BEGIN
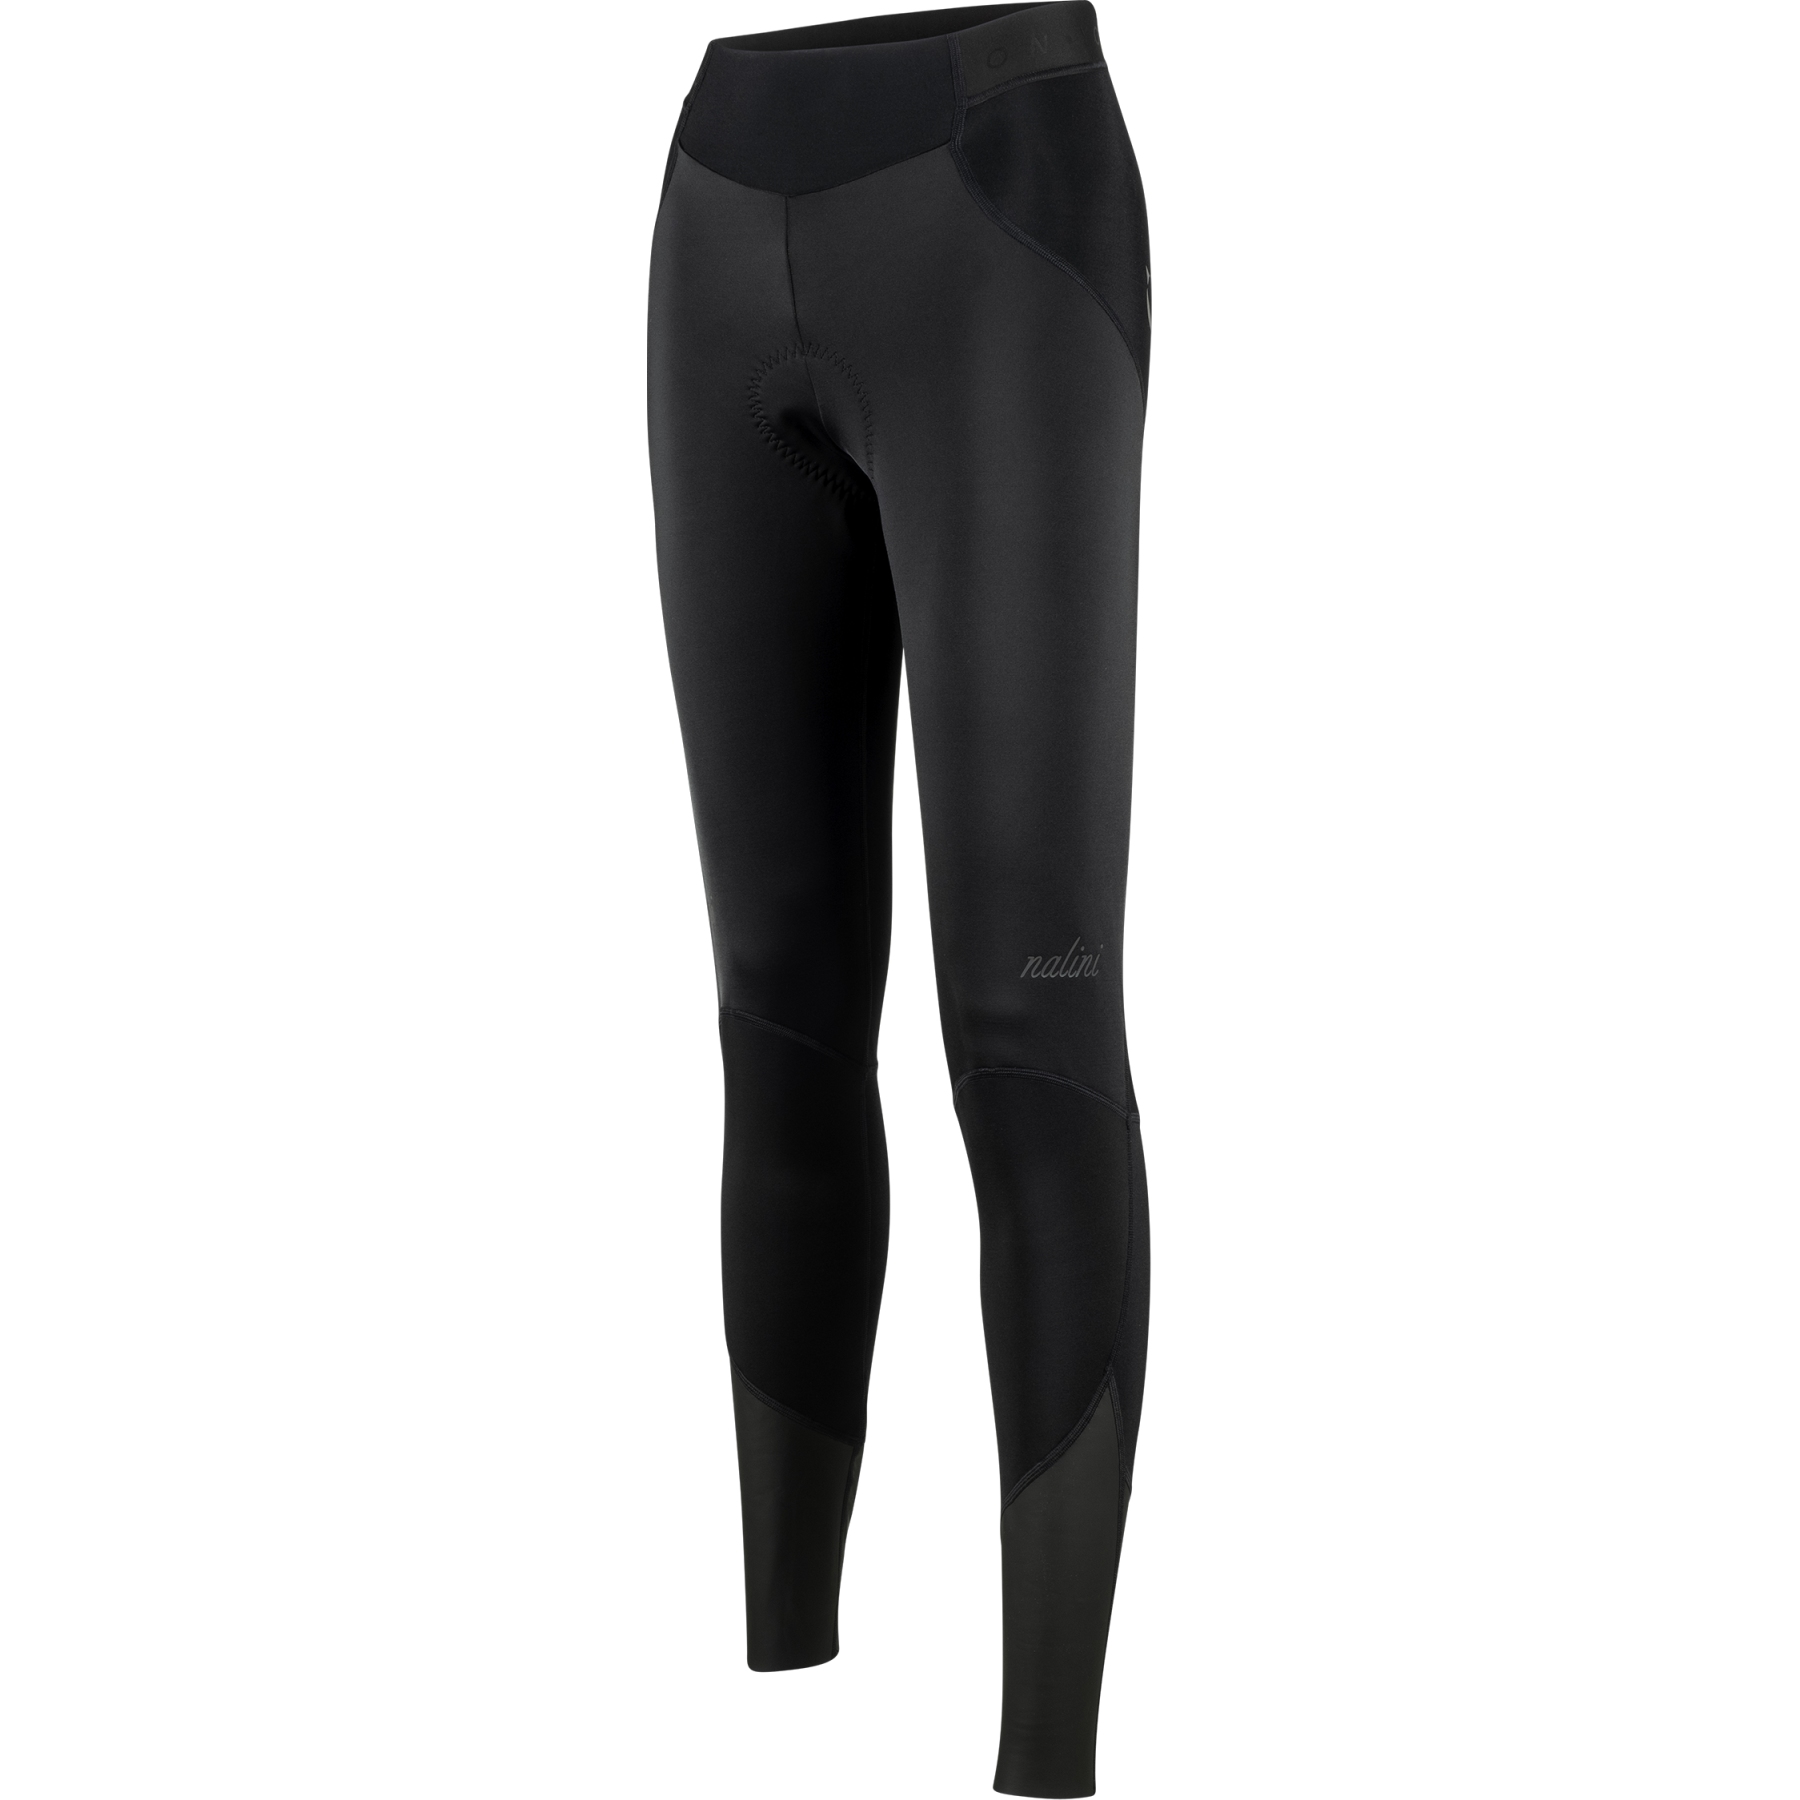 Picture of Nalini Road Wind Lady Tights - black 4000
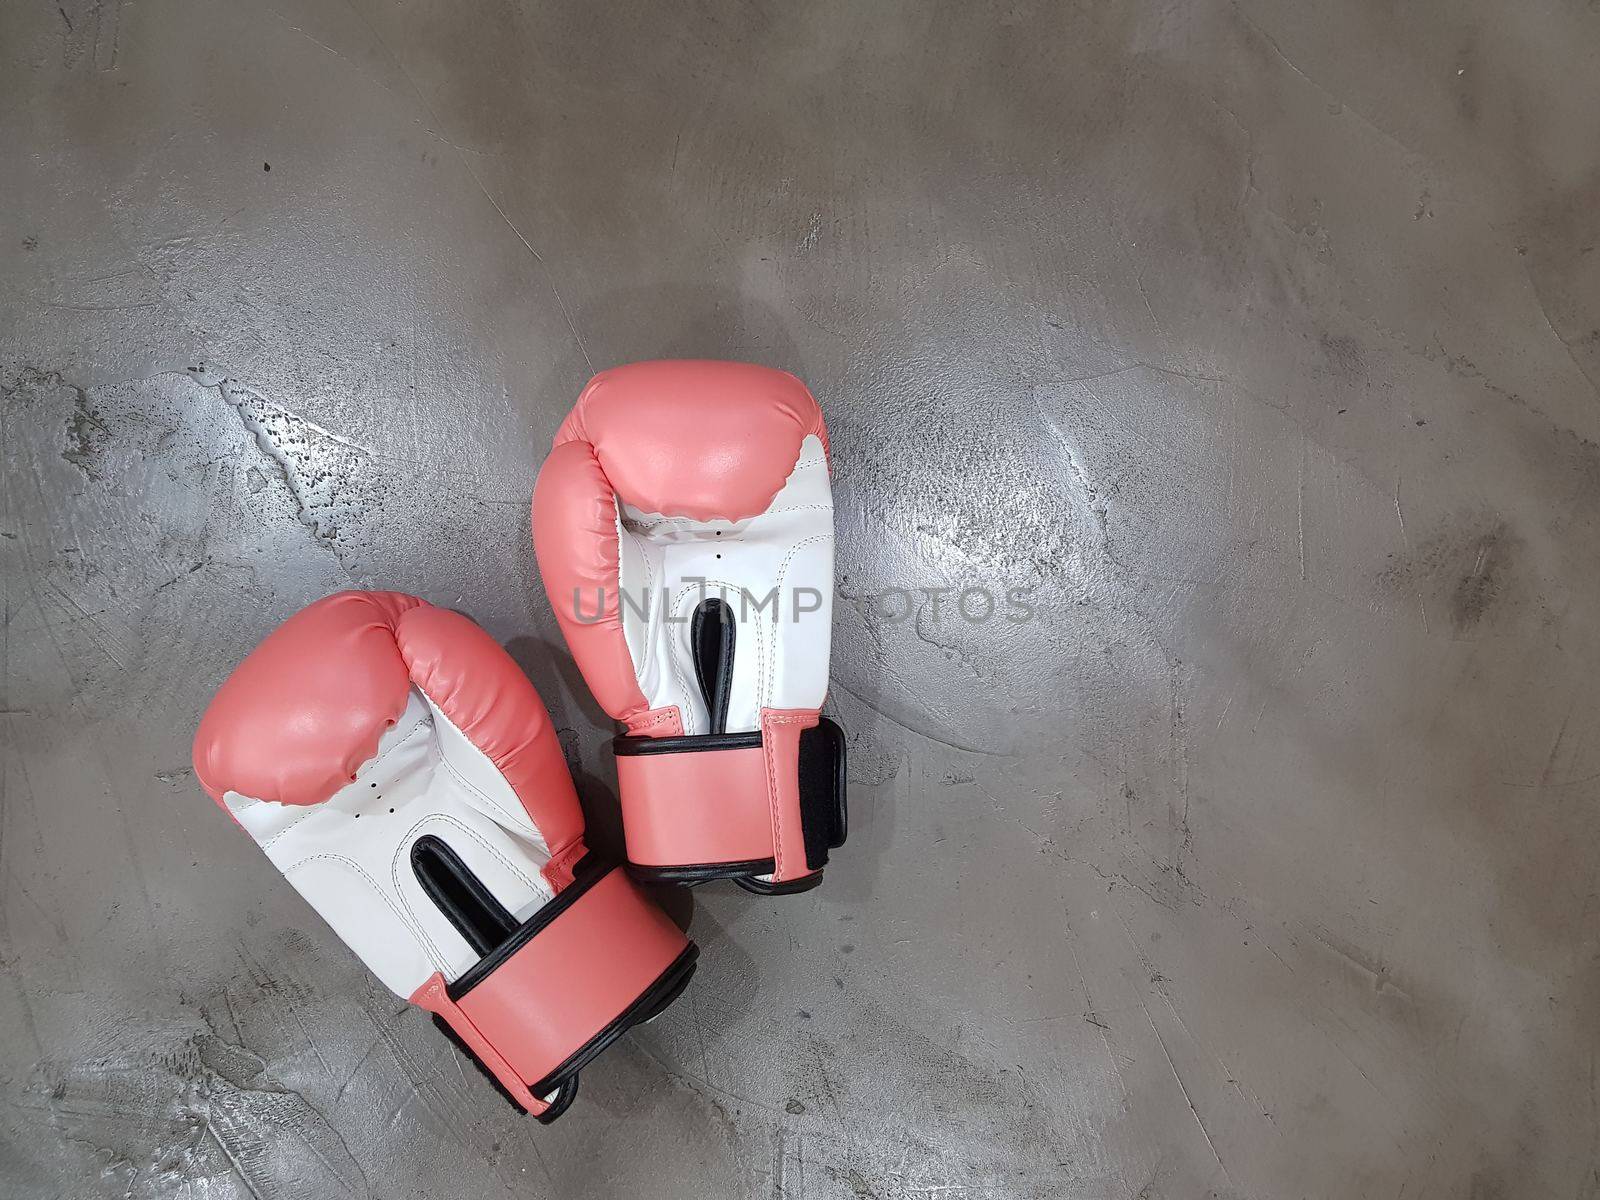 One pair of boxing gloves in red & white color.
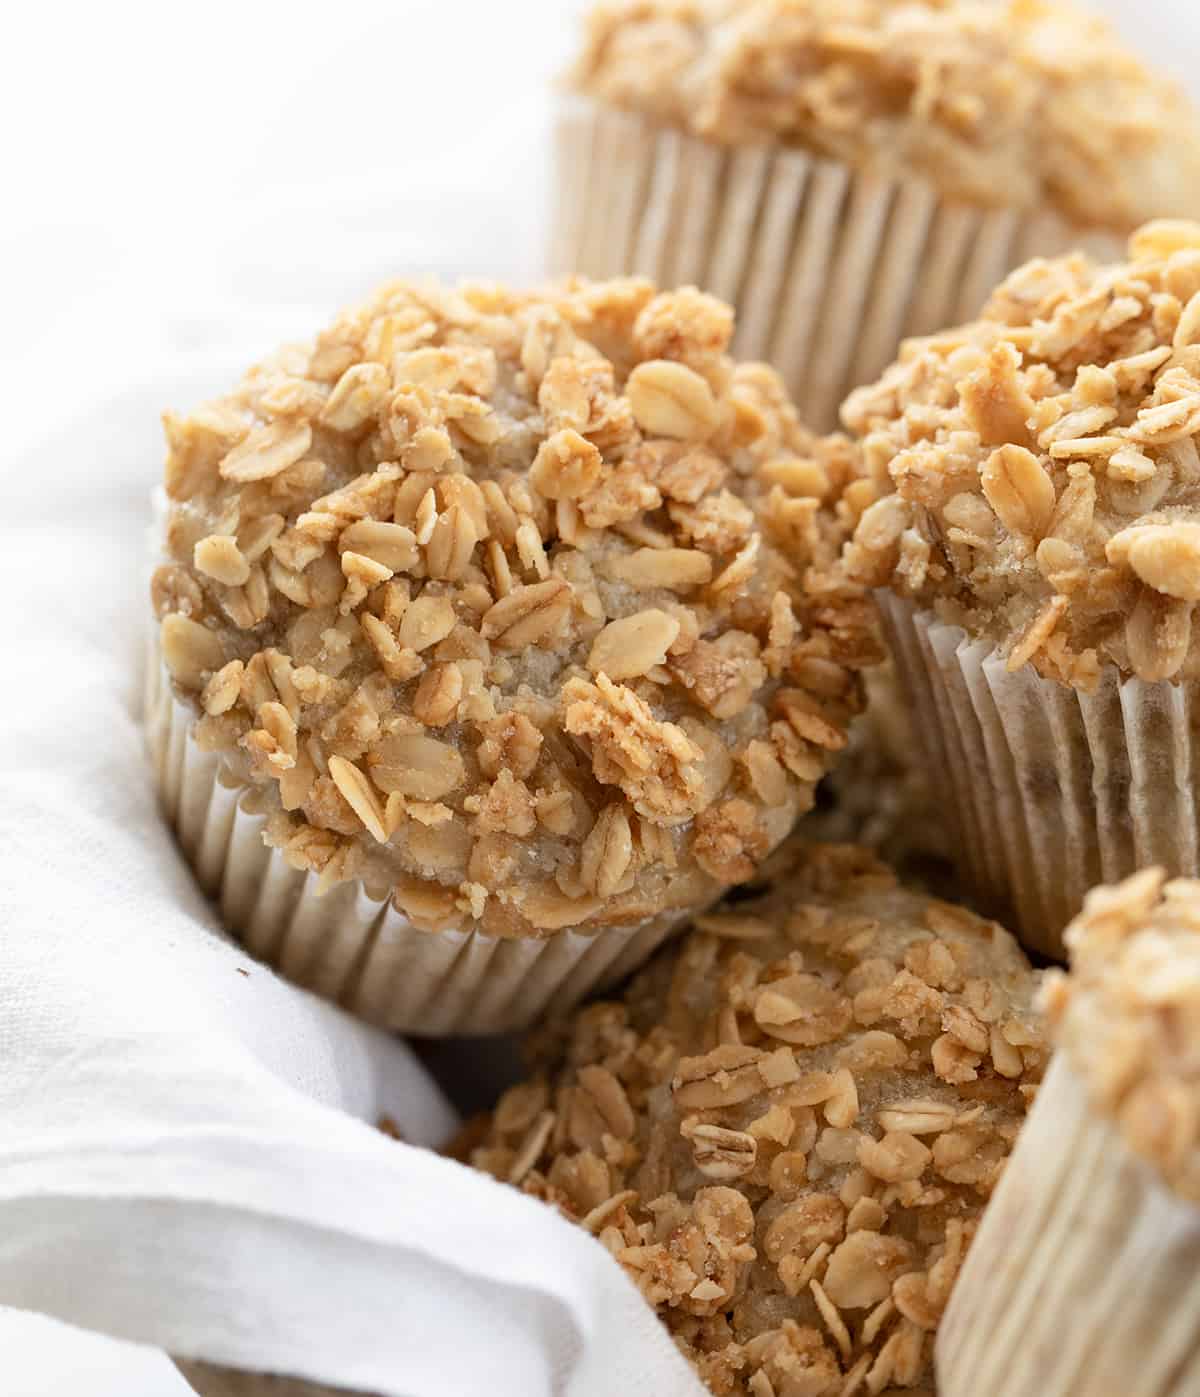 Close up of Banana Crunch Muffins in a Basket on a White Towel Showing Tops.
END
- [ACTIVITY] Go through the listing above and retype it exactly, skipping every picture.

- [WRITTEN ANSWER]
 Picture of Nalini Road Wind Lady Tights - black 4000
 One pair of boxing gloves in red & white color.
 Close up of Banana Crunch Muffins in a Basket on a White Towel Showing Tops.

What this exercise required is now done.